Methodologies and statistical tests for effective anonymization of personal health information;
Methodologies for pseudonymization of personal health information (see Bibliography for a brief description of a Technical Specification that deals specifically with this topic);
Network quality of service and methods for measuring availability of networks used for health informatics; and
Data quality (as distinct from data integrity).

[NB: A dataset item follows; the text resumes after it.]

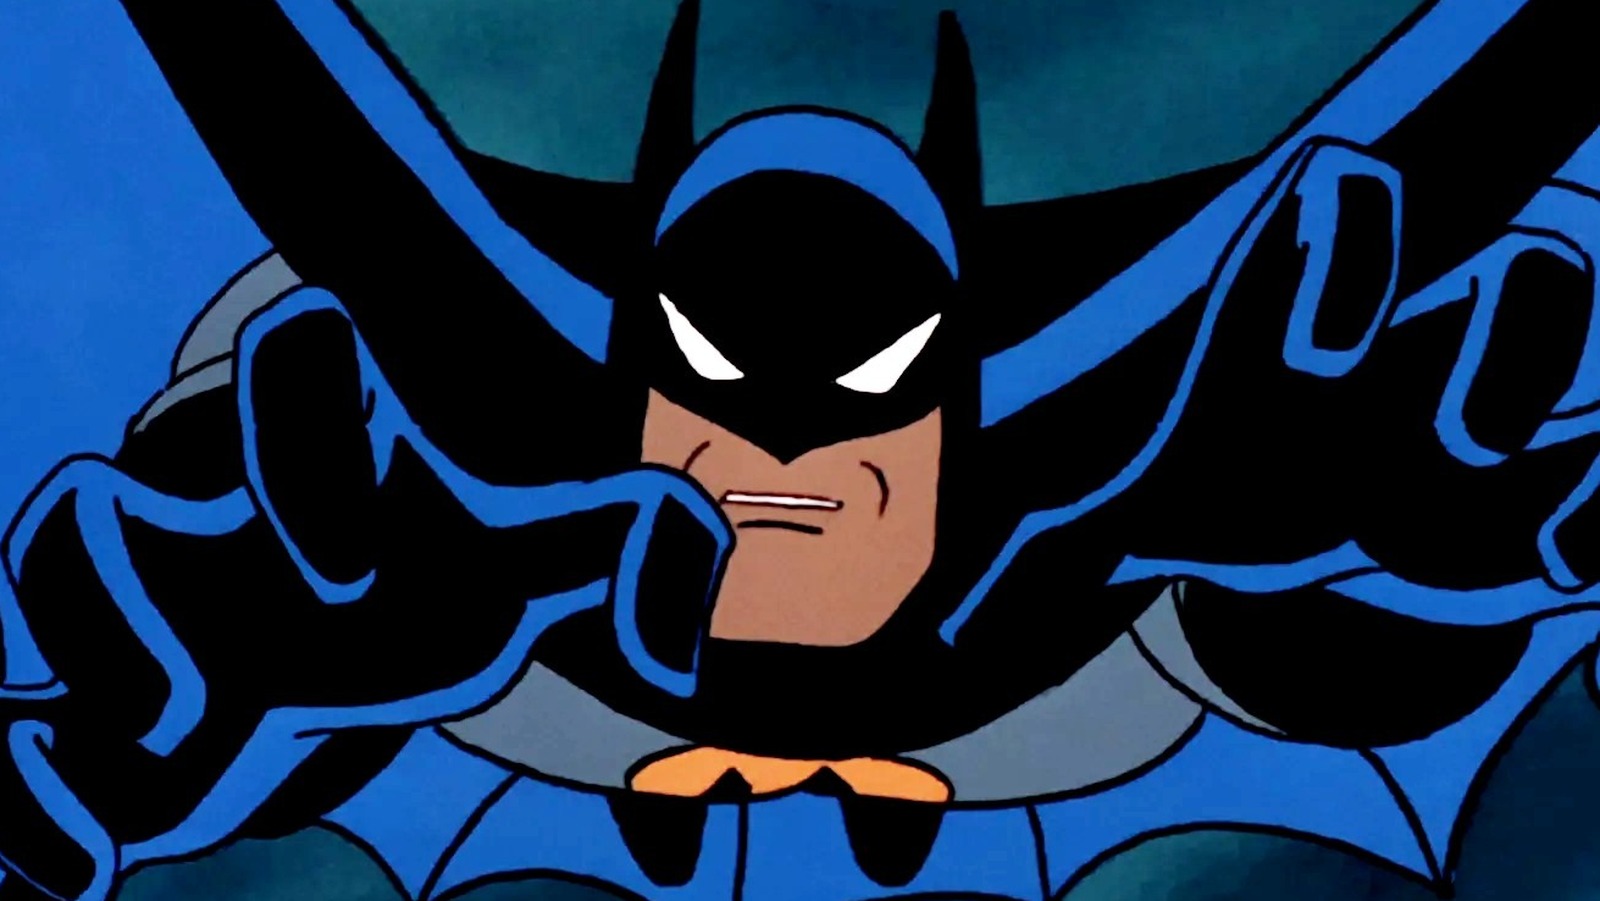 Diedrich Bader Could Be the Best Successor to Kevin Conroy's Batman
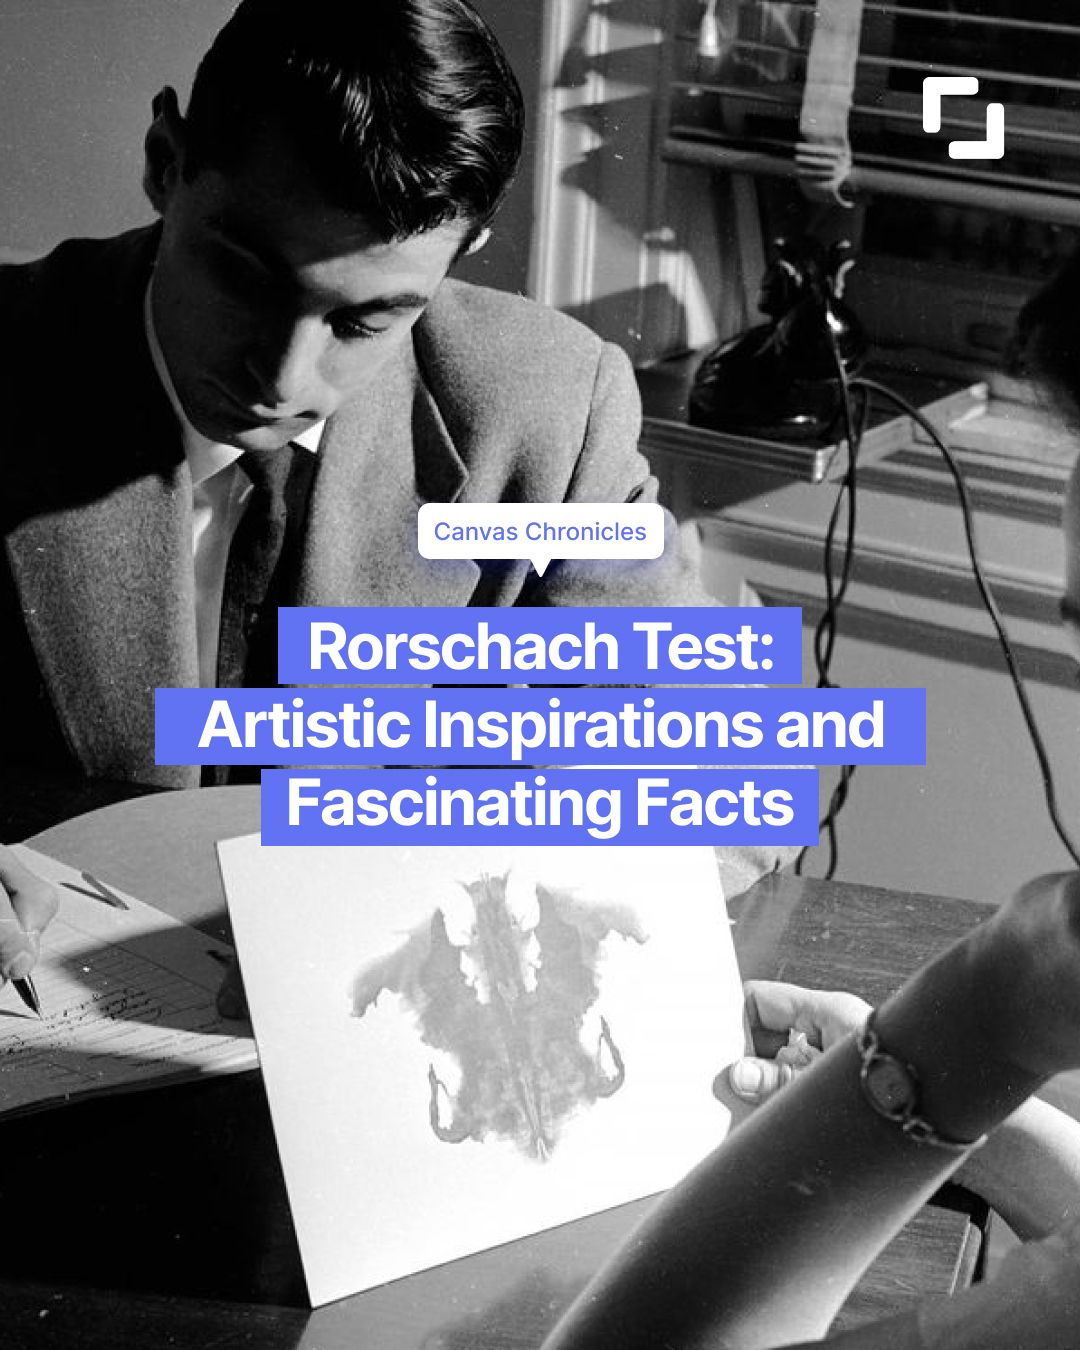 Rorschach Test: Artistic Inspirations and Fascinating Facts

Medical Device and Health IT Joint Security Plan:^[62] The Joint Security Plan (JSP) provides recommendations intended to aid health care organizations (e.g., medical device manufacturers, health IT vendors, and health care providers) in enhancing cybersecurity for their software-based medical technologies (products) irrespective of their size or maturity. It is intended to be globally applicable, inspire organizations to ‘raise the bar’ for product cybersecurity to meet specific cybersecurity challenges, including but not limited to transparency and disclosure between vendors and end users and security by design throughout the product lifecycle. Specifically, the JSP is a total product lifecycle reference guide to developing, deploying, and supporting cyber secure technology solutions in the health care environment:

Cybersecurity practices in design and development of medical technology products.
Handling product complaints relating to cybersecurity incidents and vulnerabilities.
Managing security risk throughout the lifecycle of medical technology; and
Assessing the maturity of a product cybersecurity program.

Health Industry Cybersecurity Supply Chain Risk Management Guide (HIC-SCRiM):^[63] The Health Sector Coordinating Council’s HIC-SCRiM toolkit is intended for small to mid-sized health care institutions to better ensure the security of the products and services they procure through an enterprise supply chain cybersecurity risk management program that maps to the NIST CSF.